Each of five industry witnesses who testified at the hearing made persuasive arguments about the undue burden of BSA reporting requirements. Each witness made recommendations to raise reporting thresholds and to reduce the burdens. Each of these witnesses also commended the House for passing HR 323, the Seasoned Customer CTR Exemption Act of 2007. If enacted, HR 323 will exempt CTR reporting for qualified seasoned customers. This will result in significant cost and resource savings for financial institutions.

Megan Davis Hodge, RBC Centura Bank, testified on behalf of the American Bankers Association. Ms. Hodge’s written statement offers an excellent framework for Congress to consider in addressing the burden issues.

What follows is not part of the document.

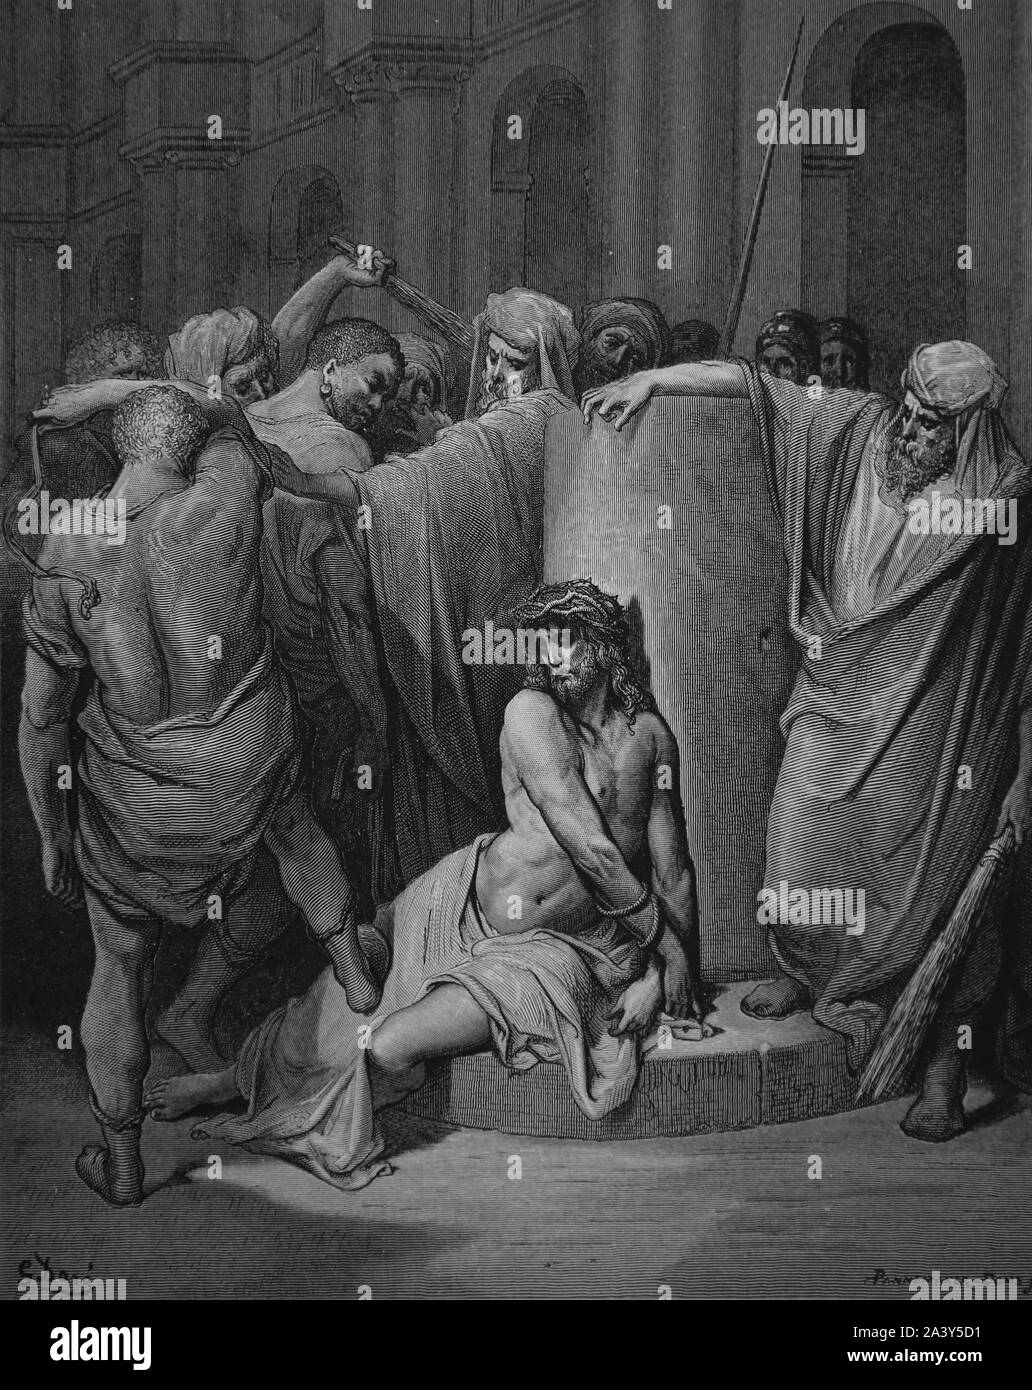 Leidenschaft. Jesus Geißeln. Johannes 19:1. Gravur. Bibel Illustrationen von Gustave Dore. 19. Später Färbung. Stockfoto

In my view, the industry arguments were compelling and reasonable. It is incumbent that the government and industry work together on this issue and establish a middle ground that both sides can benefit from. There must be genuine communication, cooperation and coordination. Both government and industry witnesses recognized the importance of working together to ensure the integrity of the financial system.
In their written statements, none of the witnesses discussed the systemic vulnerability and risk any actions will have if reporting requirements are diminished and/or reporting thresholds raised. For example, if HR 323 is enacted into law, new vulnerabilities will evolve and most certainly be exploited by criminals, fraudsters and terrorists. Likewise, if SAR and CTR monetary thresholds are raised, new vulnerabilities and methodologies will evolve to exploit the financial system.

It is clear that Congress must take the lead and enact legislation to reduce the burden of BSA reporting requirements on the financial sector. However, Congress must ensure they maintain oversight. Industry must develop and implement mechanisms to identify and minimize vulnerabilities and risks that will evolve. Make no mistake about it, fraudsters, money launderers, other criminals and terrorists will identify new vulnerabilities. They will exploit systemic weaknesses immediately. Collateral to the cost and resource burden, Congress should consider the issues of feedback to financial institutions concerning the value of SARs and CTRs to law enforcement, regulatory examination consistency, and the issues caused by the subjectivity of the SAR process.

I’ve consistently noted during presentations, training forums and in written papers that when I was in the FBI, I was the direct beneficiary of BSA reporting. I experienced first hand the value of BSA information. SARs and CTRs are essential weapons for law enforcement in the fight against fraud, money laundering and terrorist financing. The financial sector must recognize the fact that they are on the front line in this fight. The more effective the level of communication, cooperation and coordination between government and industry, the better the odds of denying criminals and terrorists the means to the sources and availability of funding.